Dans les semaines qui ont précédé l’opération, des éléments du 10e groupe des forces spéciales, basé à Stuttgart, avaient été envoyés pour superviser l’entraînement des troupes africaines. « PSI est un outil important de la guerre contre le terrorisme et a beaucoup fait pour renforcer les liens dans une région que nous avions largement ignorée par le passé, et notamment entre l’Algérie et le Mali, le Niger et le Tchad, précise le colonel Victor Nelson, responsable de ce programme pour le bureau du secrétariat d’Etat à la défense chargé des questions liées à la sécurité internationale. « Nous disons depuis longtemps que, si la pression devient trop dure pour les terroristes en Afghanistan, au Pakistan, en Irak et ailleurs, ils trouveront de nouveaux endroits où travailler, et les régions du Sahel et du Maghreb font partie de ces endroits ».
La réunion de Stuttgart
L’ancienne « Pan Sahel Initiative » lancée en 2002, reconduite en 2004 et 2006 a été rebaptisée « Trans-Sahara Counter Terrorism Initiative ».
La genèse de ce programme remonte aux 23 et 24 mars 2004, quand les chefs d’état-major de huit pays (Tchad, Mali, Mauritanie, Maroc, Niger, Sénégal, Algérie, Tunisie) ont, pour la première fois, participé à une discrète réunion au siège du commandement européen de l’armée américaine (US-Eucom), à Stuttgart. Présentée comme « sans précédent », la rencontre, dont les travaux sont restés secrets, concernait la « coopération militaire dans la lutte globale contre le terrorisme » ; elle traitait du Sahel, zone tampon entre le Maghreb et l’Afrique noire, entre les zones pétrolières du Nord et celles du golfe de Guinée. L’enjeu n’était pas seulement de contrer l’enracinement des troupes affiliées à Al Qaïda dans le Sahel, mais surtout contrôler le pétrole africain.

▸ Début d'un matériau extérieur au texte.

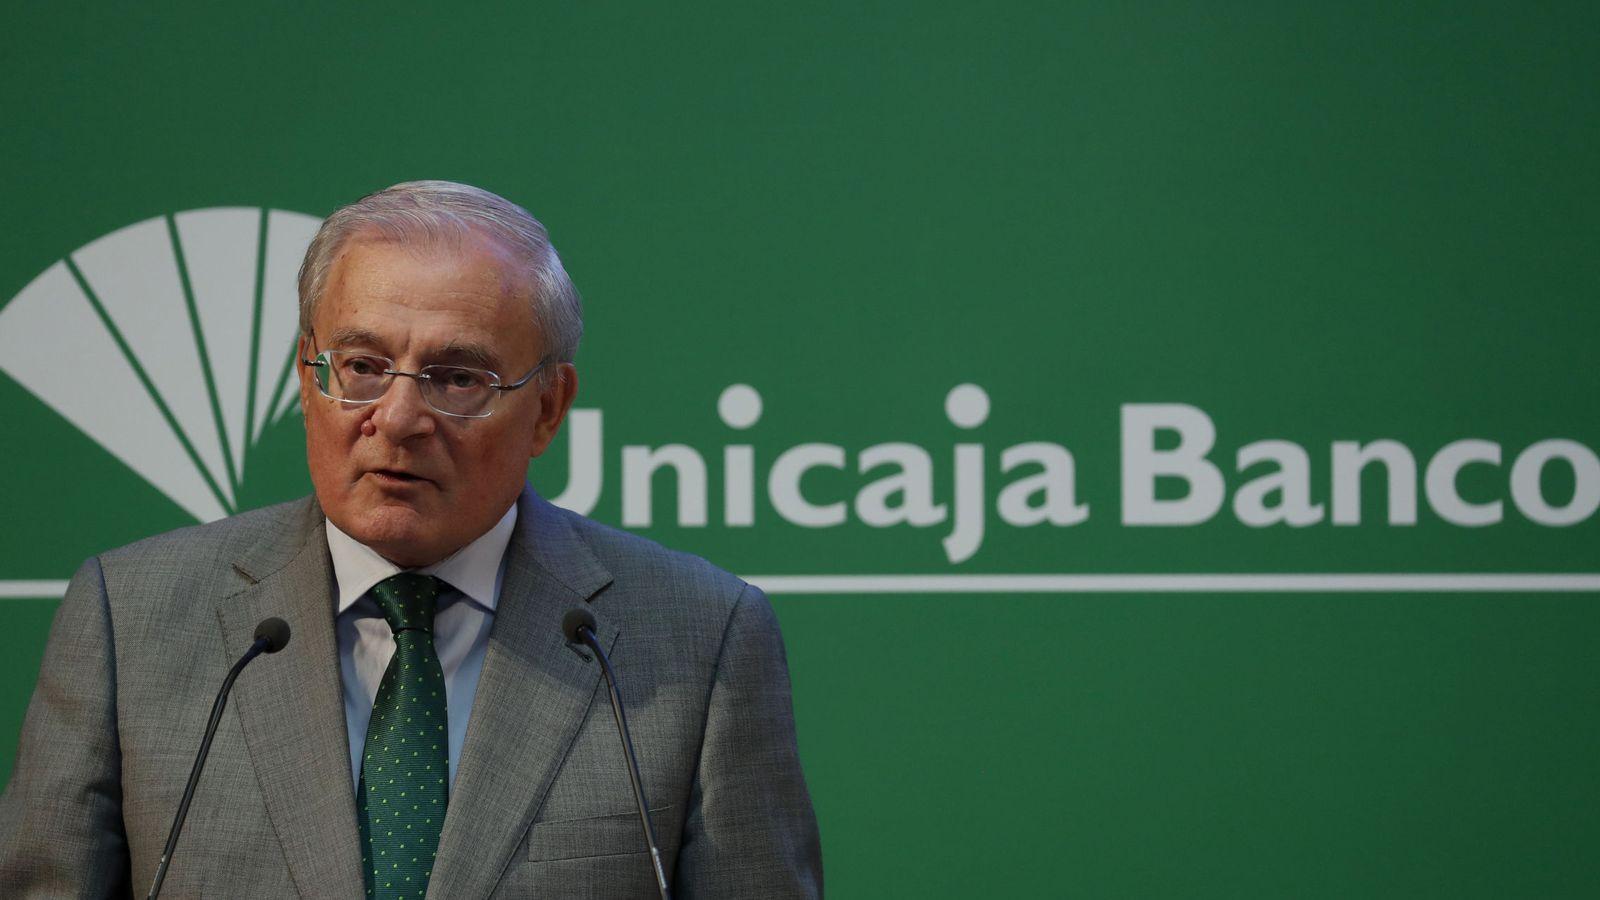 Foto: Manuel Azuaga, presidente de Unicaja Banco (Efe)

La réunion qui avait regroupé récemment à Stuttgart, les plus hauts responsables militaires maghrébins et Sahéliens et leurs homologues américains du commandement européen des forces armées américaines (Uscom), a mis l’accent sur le fait que cette région est devenue « un nouvel Afghanistan, où des groupes armées islamistes bien financés recrutent, s’entraînent et s’arment ».